営業は何かと融通がきくだろ?と思われがちだが、お客さんの都合で急に会う日が変わったり休みの日に出ることになったり。
結構バタバタと忙しいのだ。
『なぁ…一緒に風呂入る?』
『なんですか急に…』
『いや、なんとなく。

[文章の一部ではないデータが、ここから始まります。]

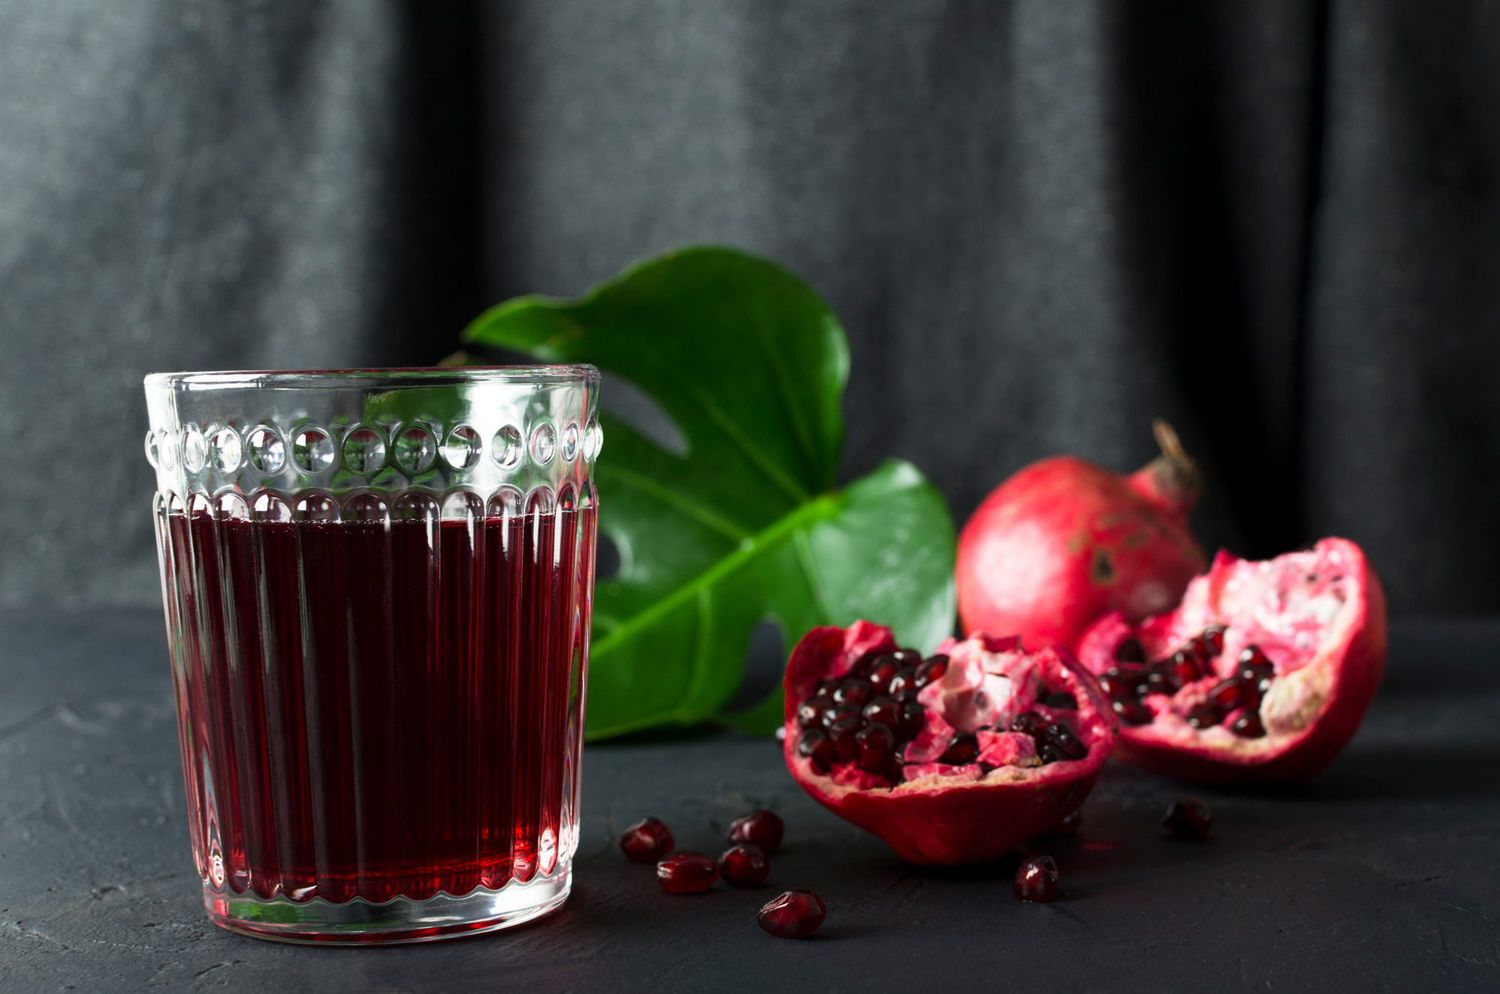 Stylish glass of delicious pomegranate juice, pomegranate seeds and tropical leaf on the dark table against grey background
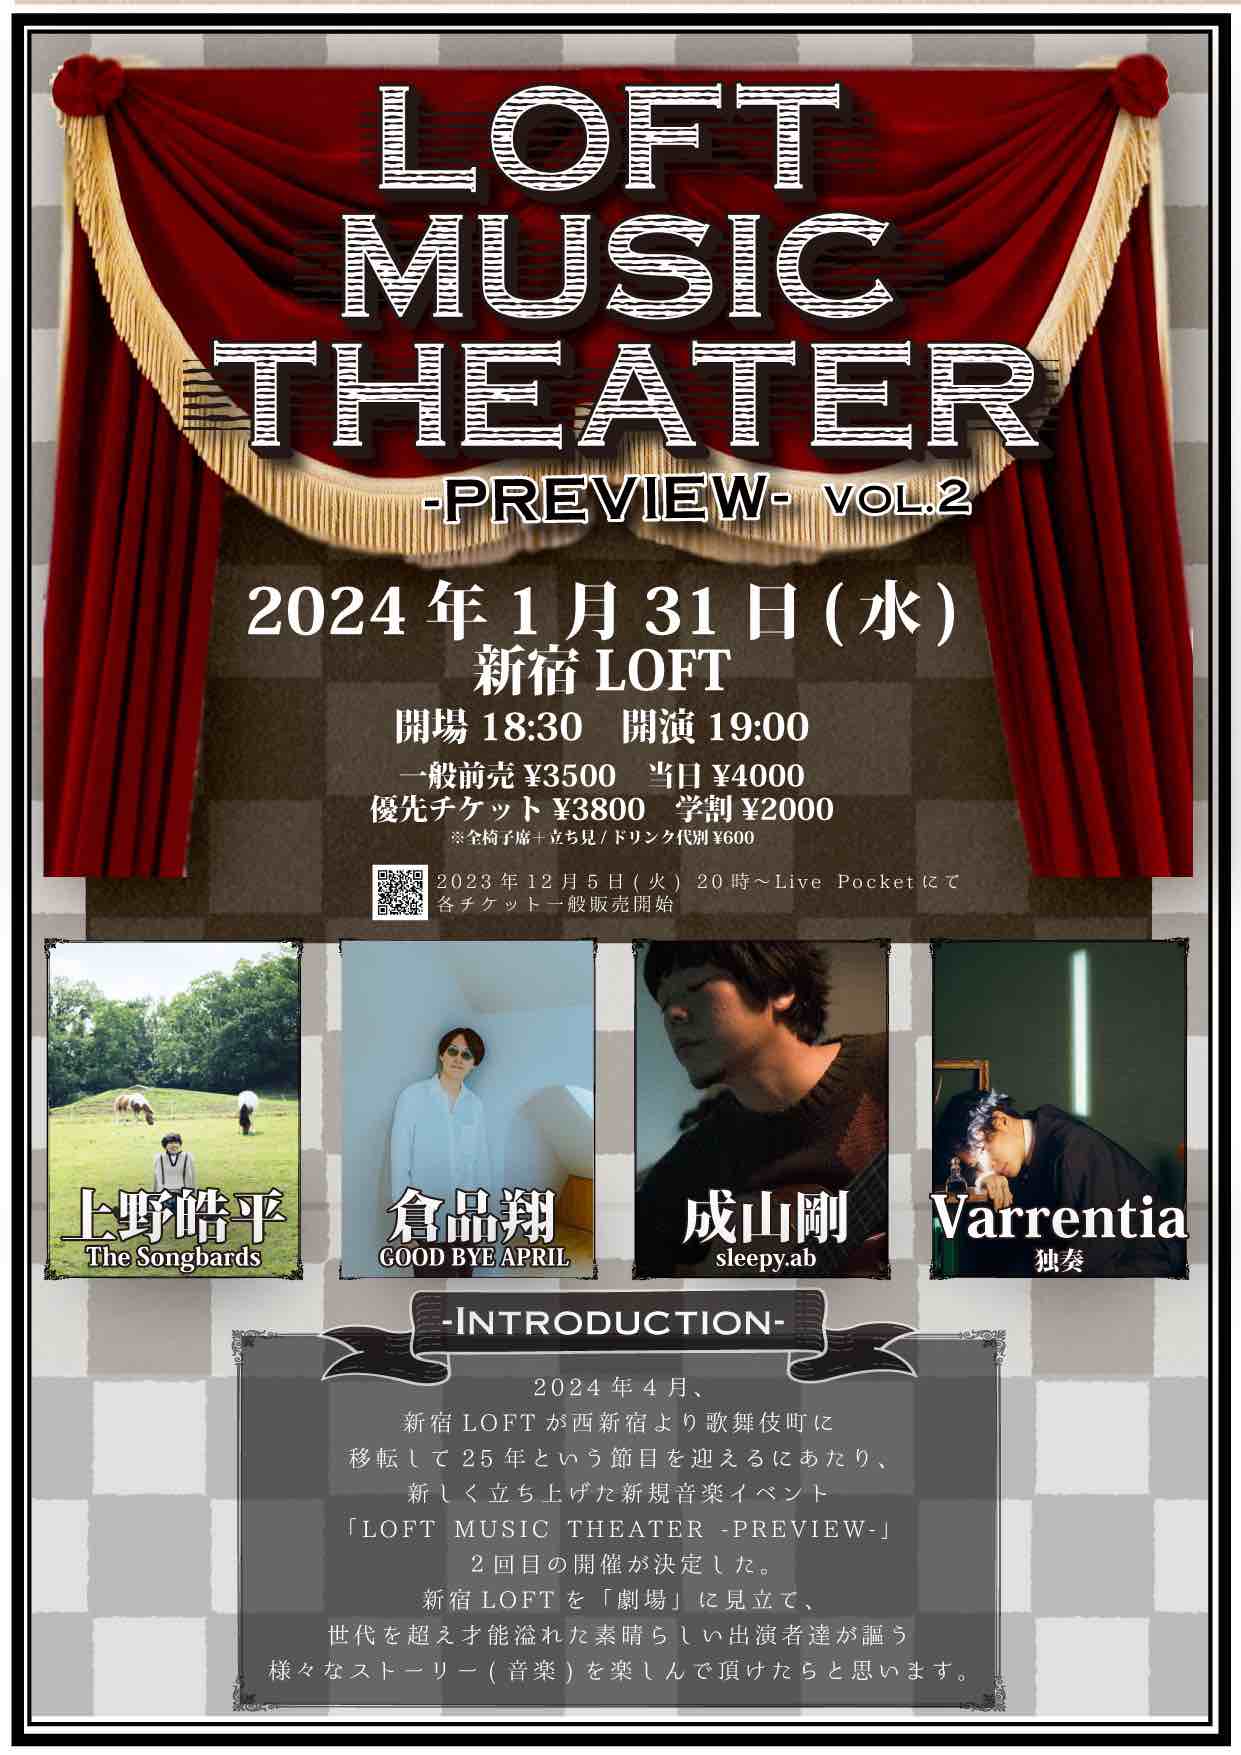 LOFT MUSIC THEATER -PREVIEW- vol.2

嫌ならいいけど…』
なんだか寂しそうに風呂場に向かう小宮さんが可愛くて後を追う。
『ん?』
『一緒に入ります…』
そう言うとすごく嬉しそうな笑顔が返ってきた。
チャポンと二人で浴槽に並ぶ。
結構広いマンションのため、風呂場もかなり広い。
たまにこうやって二人で入るのだが、何度一緒に入っても緊張する。
『あのさ、友達の結婚式いつだっけ?』
『3月1日です。』
『そっか。結婚式行ったことある?』
『いえ、今回が初めてなんです。』
『俺、人の結婚式すごく好きでさ。なんとも言えない雰囲気がいいんだよ…』
『そうなんですか。楽しみです。』
なんだろうな…
なんだかすごく寂しい気分になってきた。
俺たちは結婚できないんだ…
わかっていたことだけど、現実を突き付けられて…なんだか辛い。